Он встает, замирает, давая мозгу время приноровиться к положению стоя, затем направляется в кухню.
— Я вас здесь подожду. — Леонида страшит мгновение, когда ему придется выбираться из кресла.
— Да чего там, сиди.
(Про самого Шона не скажешь, будто он часто опаздывает, да и повода нет: поэтический семинар только раз в неделю, по средам, с четырнадцати до шестнадцати, поэтический семинар, все остальное время он волей-неволей выживает, как может… но Рэйчел зациклена на времени, он не выносил этой ее одержимости. Они были несовместимы. К примеру, собрались вдвоем в Бостон, влюбленно пошататься по улице Чарльза, и Рэйчел, увидев, как мигнул зеленый огонек для пешеходов, бросается через дорогу, тащит за собой Шона, только бы любой ценой перейти на ту сторону раньше, чем зажжется красный свет: «Эй! — протестует Шон. — Разве мы куда-то спешим?» — «Эх, — вздыхает Рэйчел, — если бы ты столько не дымил, мог бы и бегать». Хотя нет, это не Рэйчел, так говорила Джоди, одним прыжком преодолевая ступени крыльца, появляясь на веранде после часового утреннего бега по лесу трусцой, с сияющими глазами и блестящей кожей, чтобы застать мужа за пишущей машинкой в шестом утреннем кофейно-сигаретном заходе. Нет, Рэйчел никогда не придиралась к нему насчет курева. Я тебя обожаю, Рэйч, ей-ей, правда. Мы были несовместимы, только и всего…)
— Ах.
— Шон! — Кожа Рэйчел. «Шон», — повторяет она чуть слышно, в самое ухо; о дивная нежность ее щеки, мимолетное касание. Она краснеет, как всякий раз, когда они целуются в присутствии ее мужа.
— Привет, Шон, — роняет Дерек.
Мужчины обнимаются. (Шон не испытывает особого желания прижать Дерека к своей груди. Он бы не стал этого делать по собственному непосредственному побуждению, при другой сюжетной ситуации, но здесь выбора нет, если принять во внимание, что они с Дереком — так уж получилось — дважды были влюблены в одну и ту же женщину. Лин Ломонд, первая жена Дерека, Грешным делом, вдохновленная верой Шона в ее талант танцовщицы, укатила в Мексику, чтобы дать ход своей всемирной карьере, оставив на руках у Дерека двух малолетних дочек. А Рэйчел, ближайшая подруга Лин еще с лицейской поры, вместе с Шоном бурно оплакавшая ее уход в краткий миг их любви, выскочила замуж за Дерека, как только был оформлен его мексиканский развод. Шон так никогда и не смог взять в толк, что две такие исключительные женщины, как Лин и Рэйчел, могли найти в этом типичном университетском еврее-зубриле; тем не менее он притиснул к себе его большое туловище, облаченное в канадскую дубленку, и выждал должную паузу, отдавая дань их принудительной близости.)
— Ну и холодина! — ворчит Дерек, топая ногами, как если бы снег уже облепил его обувь. — Снегопада не миновать, это точно. — Шон выглядит больным, говорит он себе.
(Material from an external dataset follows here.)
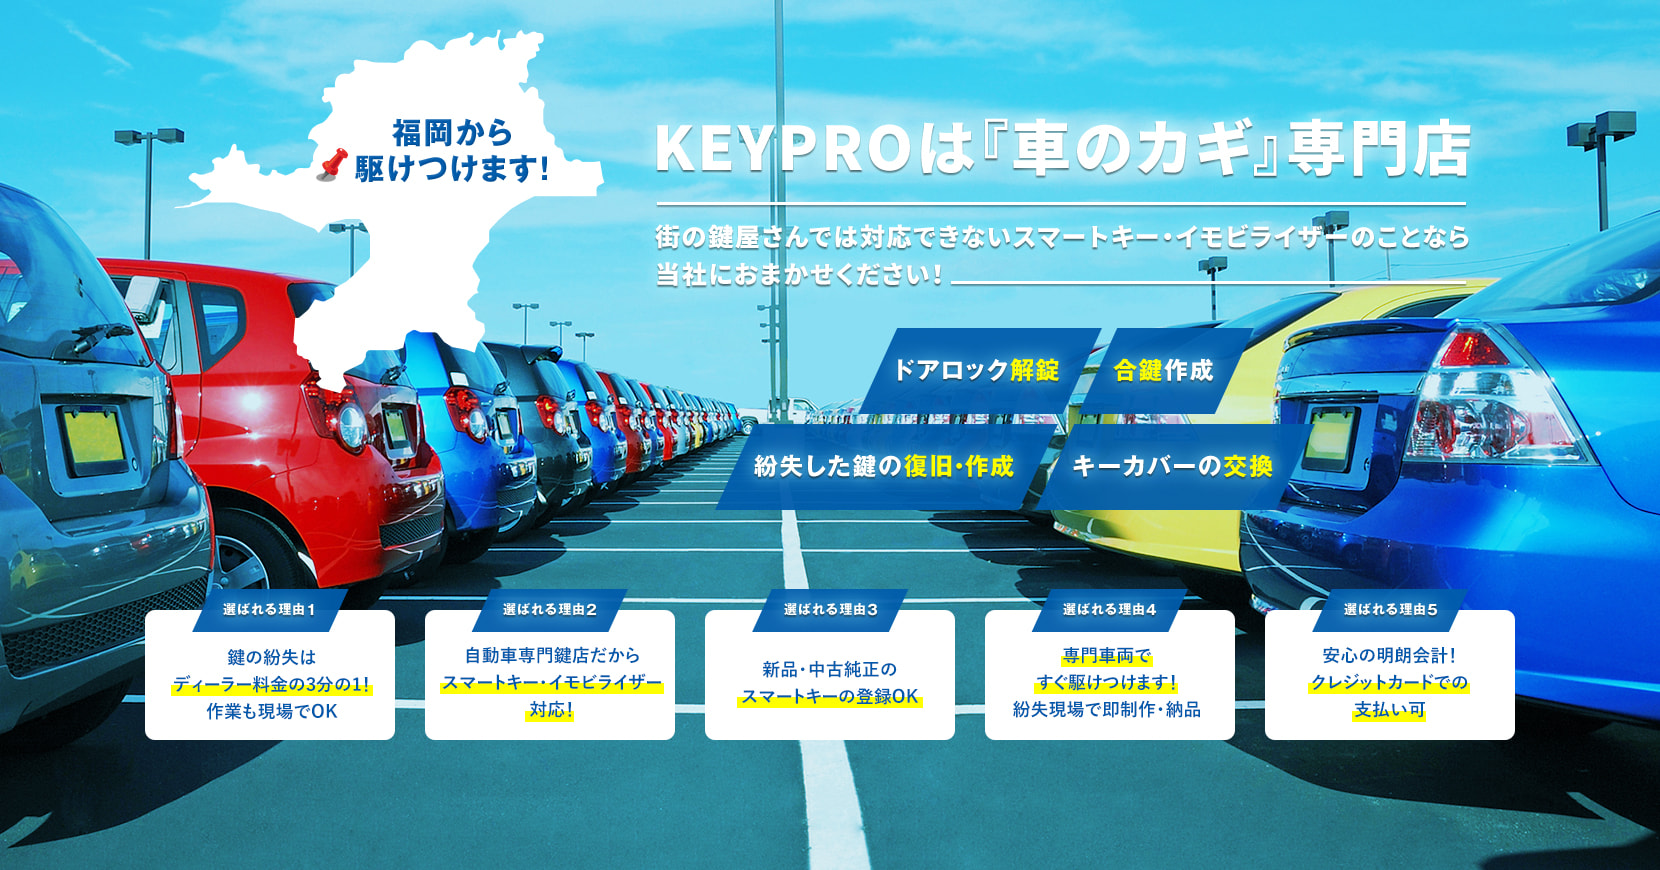 福岡で車の合鍵スペアキー作成 カギ紛失解錠の出張鍵屋はkeypro
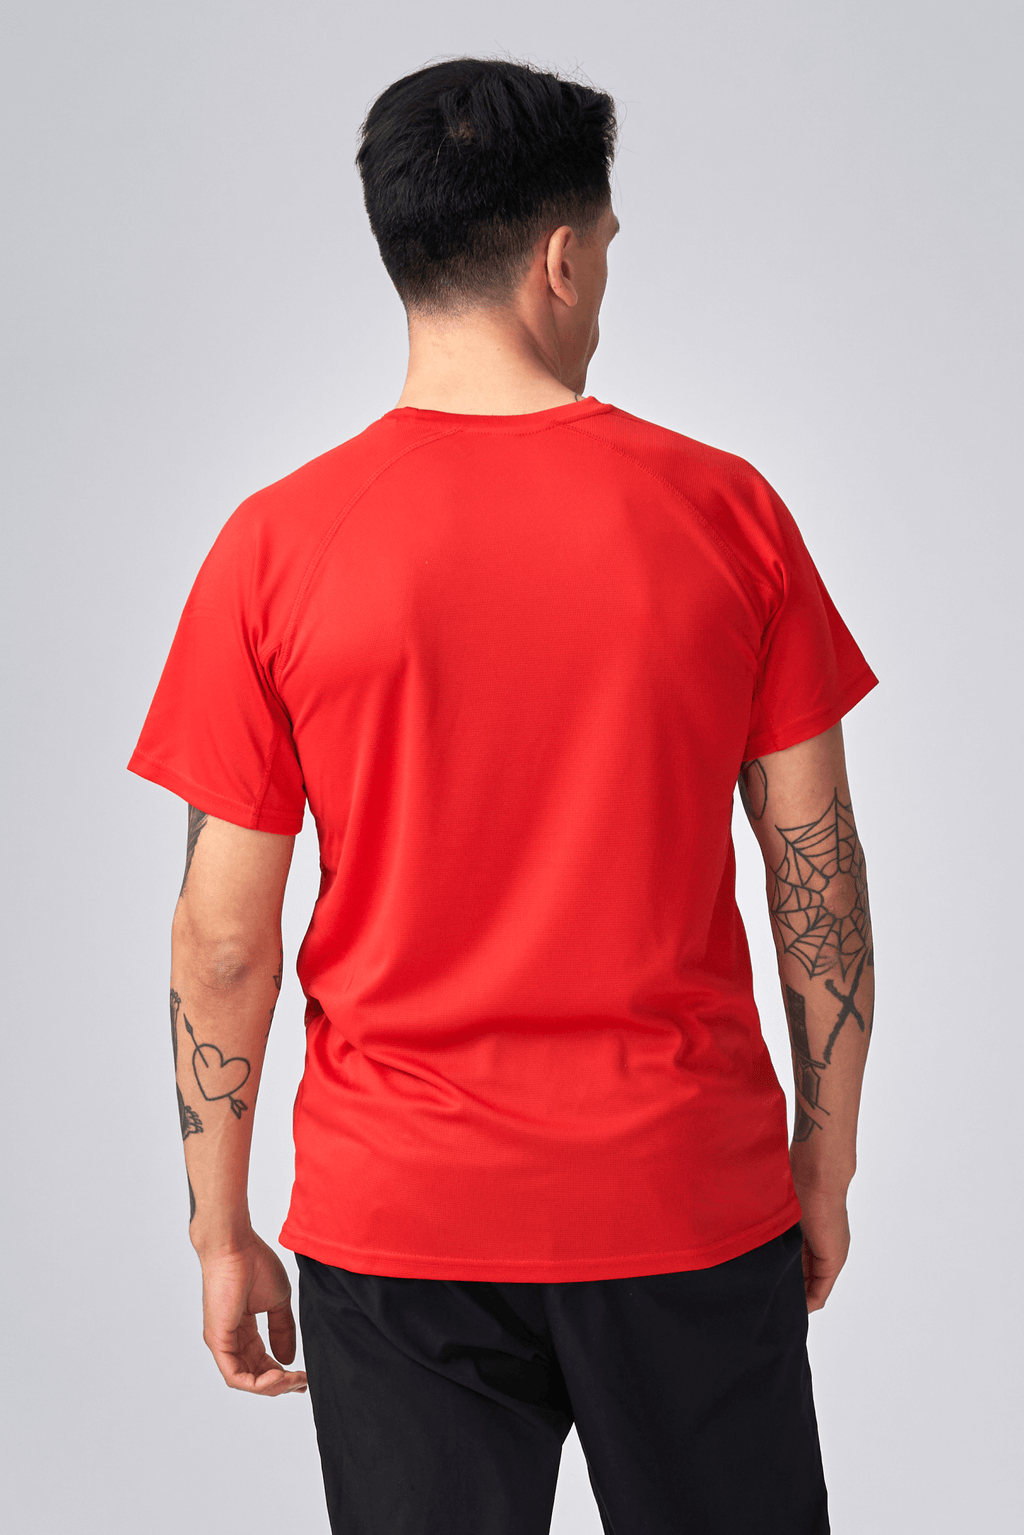 Trænings T-shirt - Rød

Он скверно стареет. Глаза чересчур блестят. И видно, уже в подпитии. Рановато он принялся накачиваться, это дурной знак. О-хо-хо, только бы он нам не закатил сцену по своему обыкновению…
— Да и пора бы, — отзывается Рэйчел. — Редкий случай, чтобы ни одной метели до самого Дня Благодарения. Кэти, привет!
Следуют рукопожатия и поцелуи, затем Рэйчел развертывает свой шоколадный торт — единственный, какой, умеет готовить, но, надо признать, вкусный. Знаменитый в своем роде.
— Кто здесь за главного? — осведомляется она. — Куда мне это поставить?
— На веранду, — выносит решение Патриция. — Холодильник битком набит, вот-вот лопнет.